TASK REQUIREMENTS:
Retype the listing exactly; omit pictures.

SOURCE RECORDS:

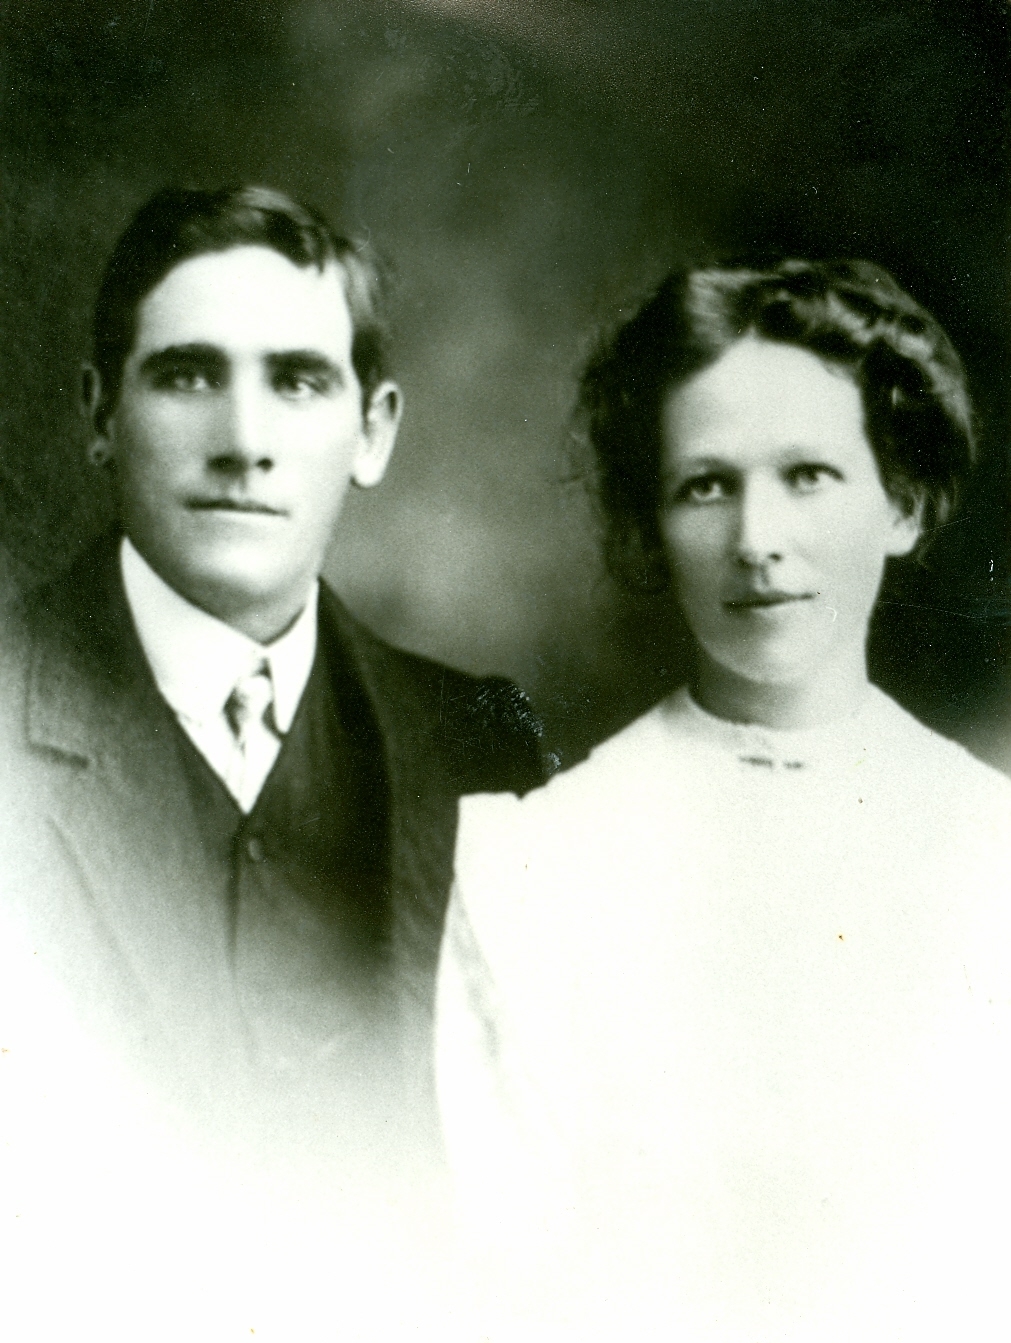 Edward and Flo Bunker
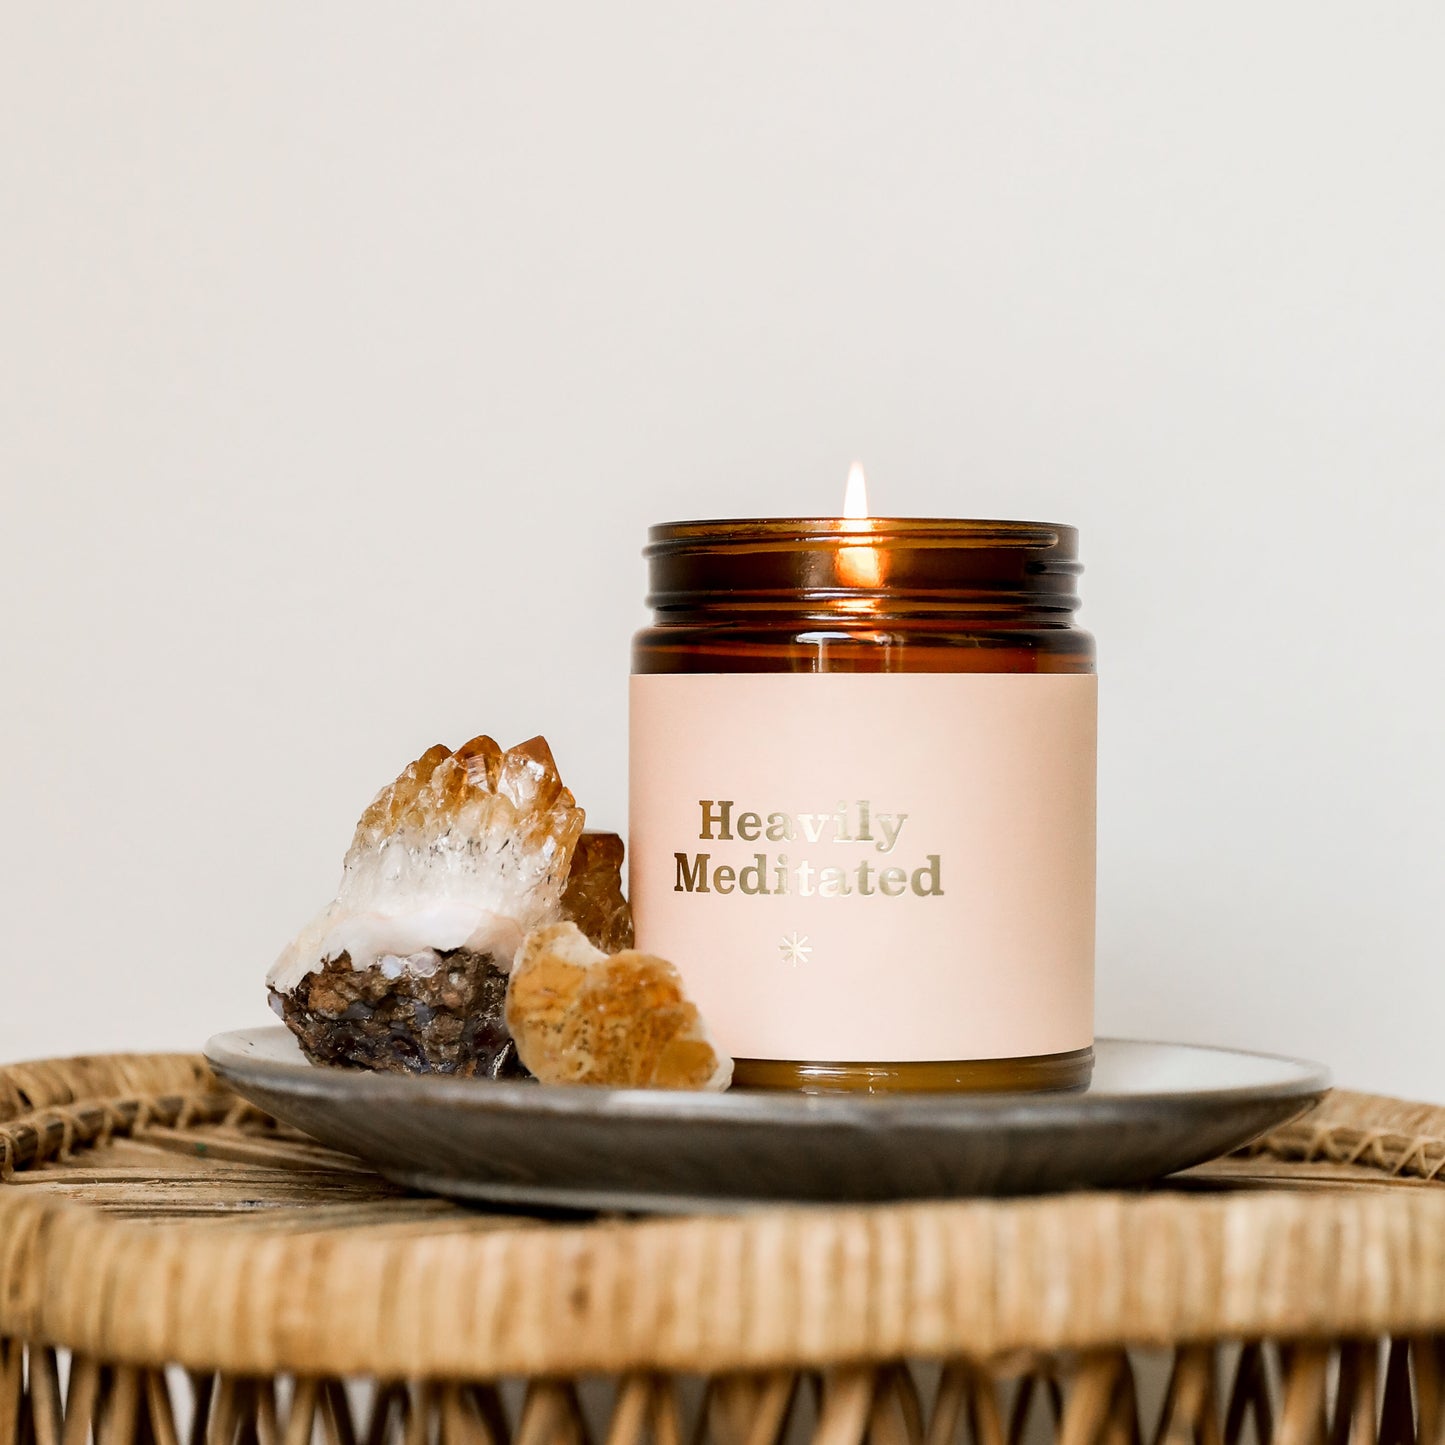 Mantra Candle - Heavily Meditated
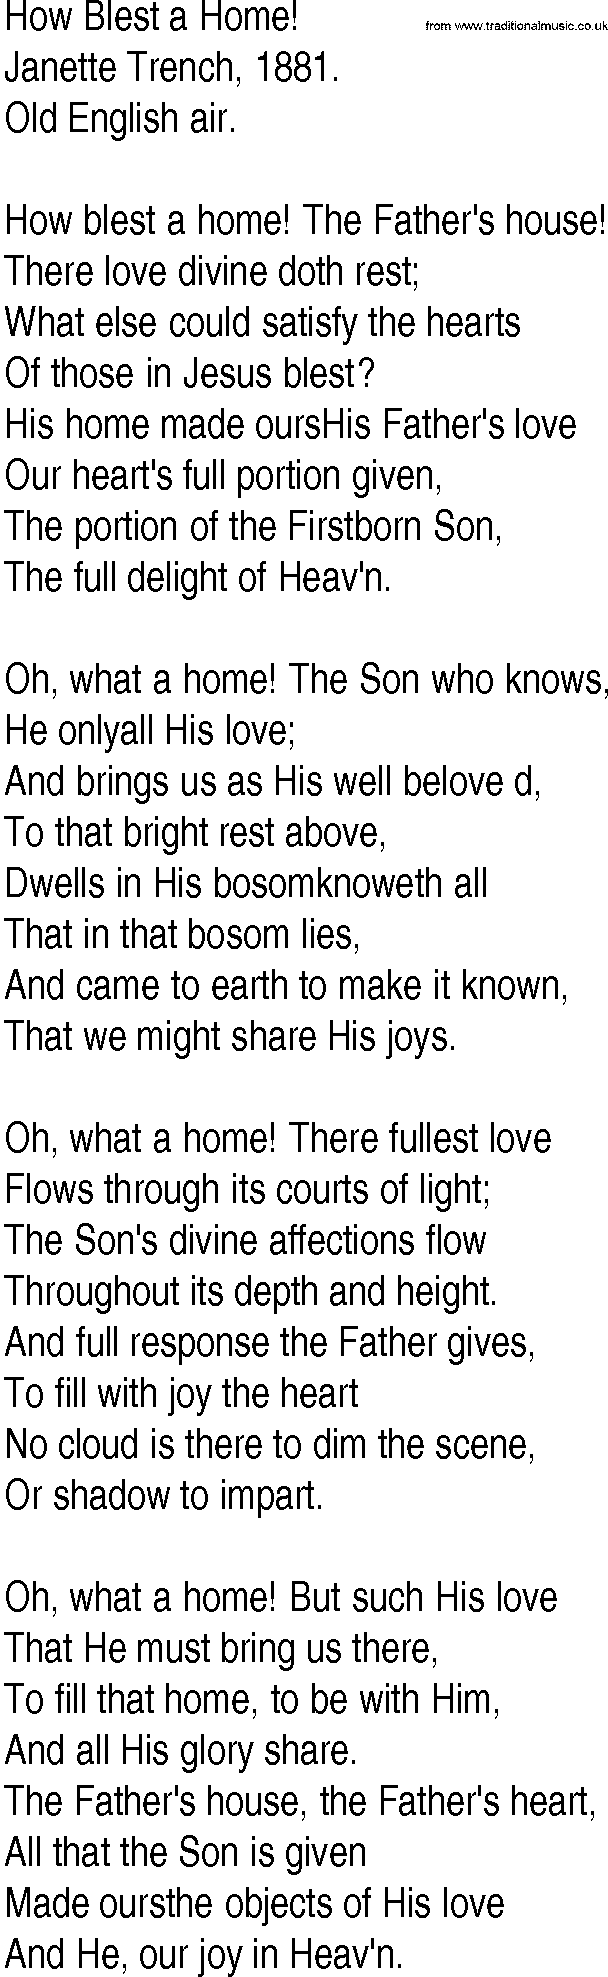 Hymn and Gospel Song: How Blest a Home! by Janette Trench lyrics
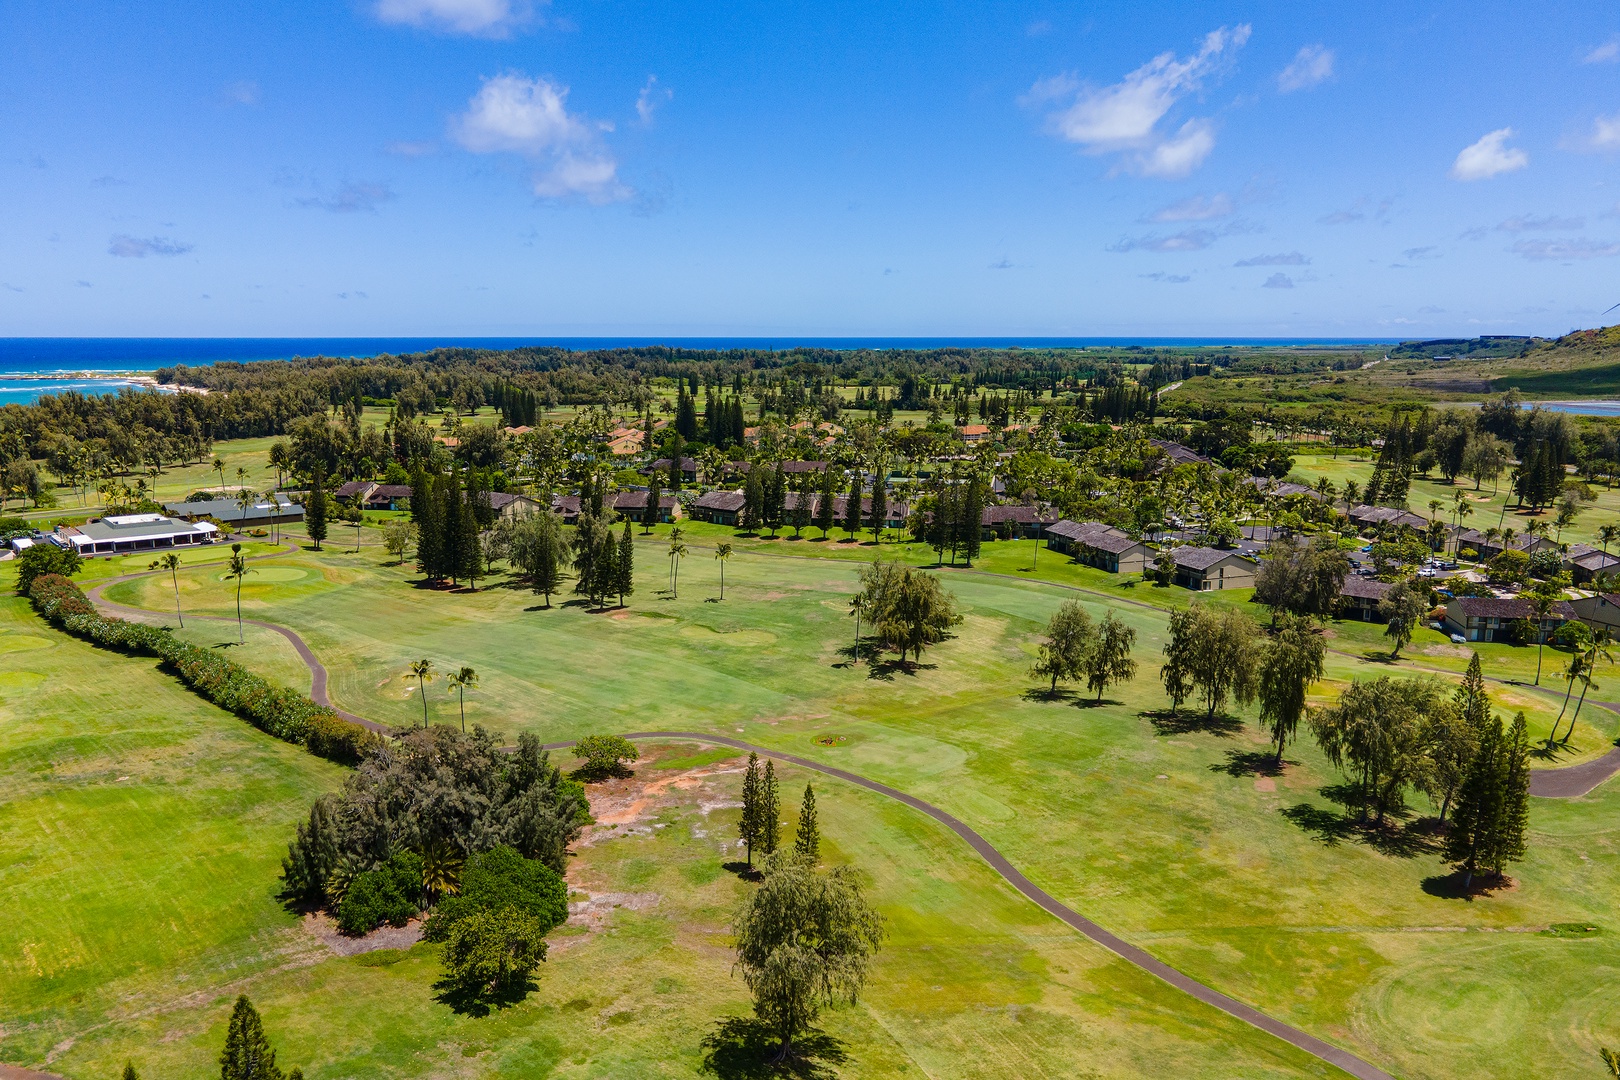 Kahuku Vacation Rentals, Kuilima Estates West #85 - Amazing World Class Golf Course in your backyard.
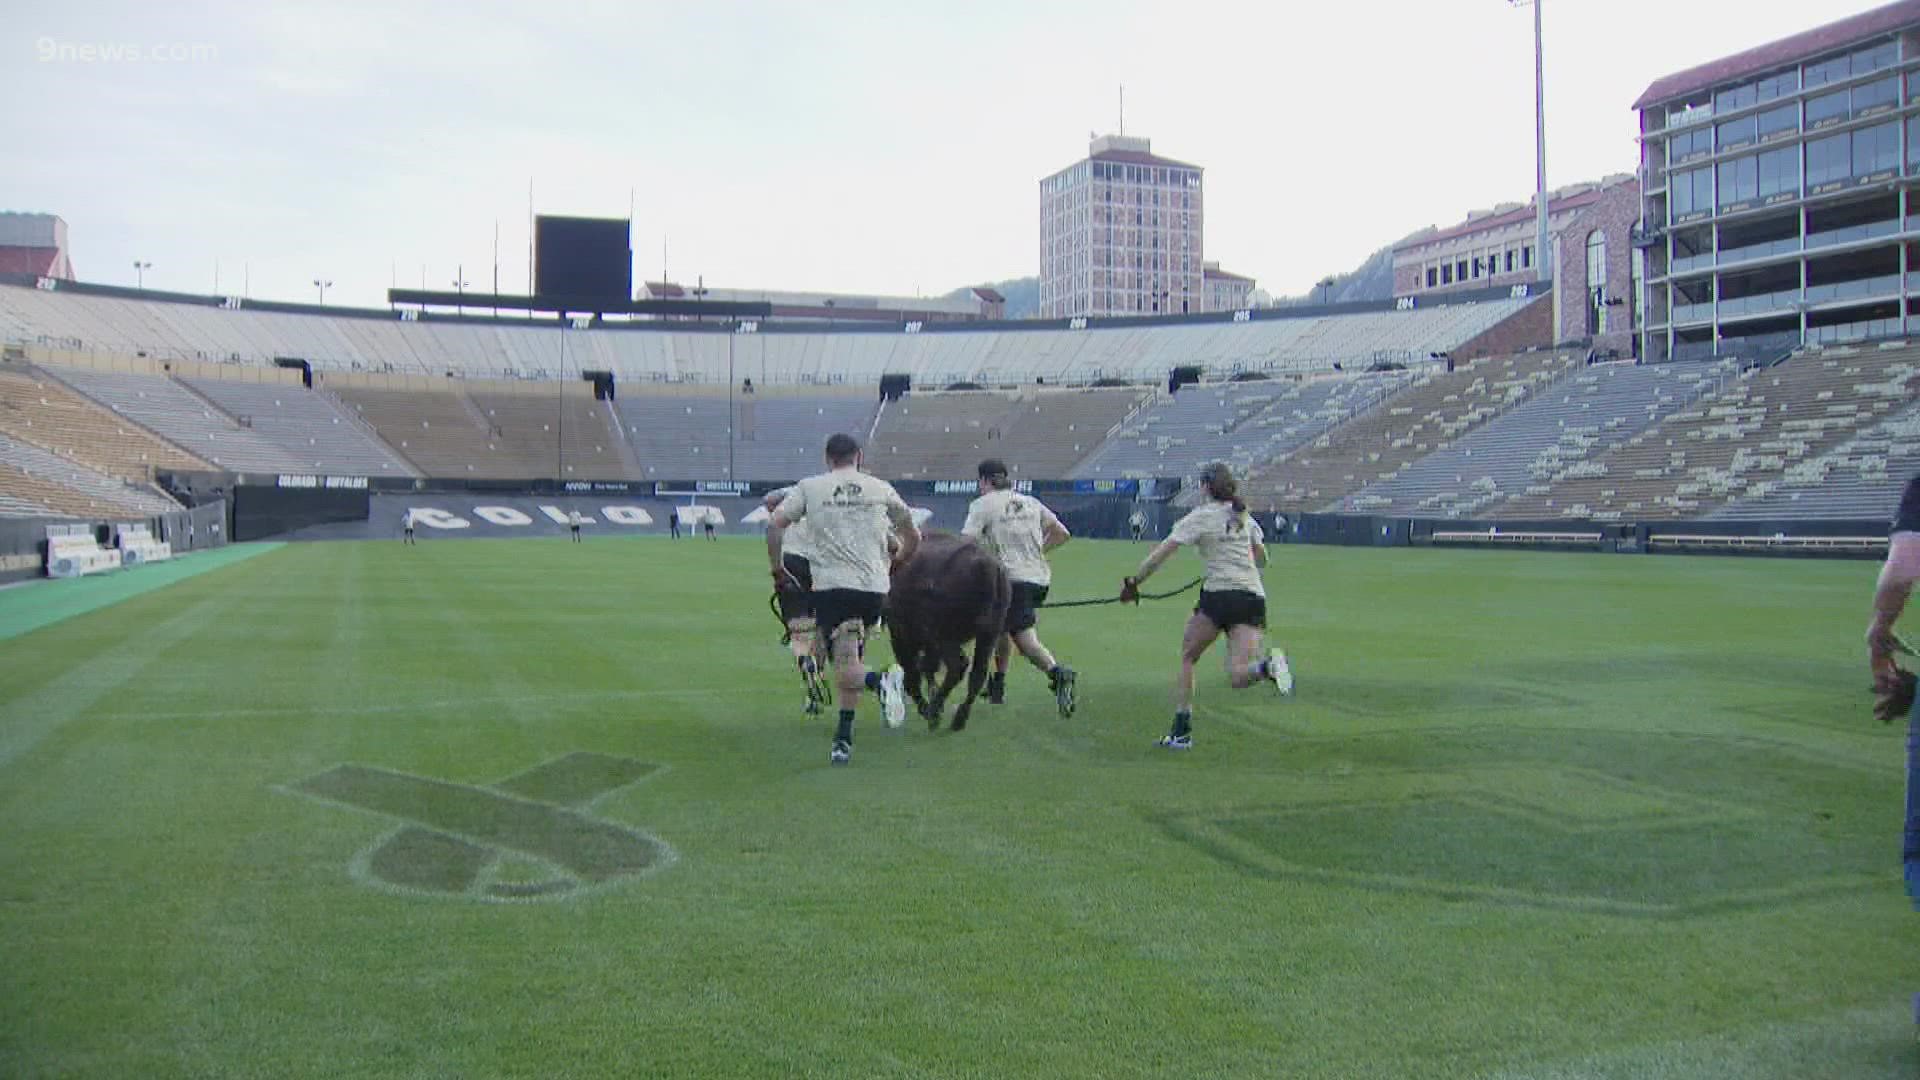 Ask any CU fan about ramblin' Ralphie, and you quickly realize she's a point of Buff pride.

ANSWER SPACE:
 Edward and Flo Bunker
 Mantra Candle - Heavily Meditated
 Hymn and Gospel Song: How Blest a Home! by Janette Trench lyrics
 Kahuku Vacation Rentals, Kuilima Estates West #85 - Amazing World Class Golf Course in your backyard.
 Ask any CU fan about ramblin' Ralphie, and you quickly realize she's a point of Buff pride.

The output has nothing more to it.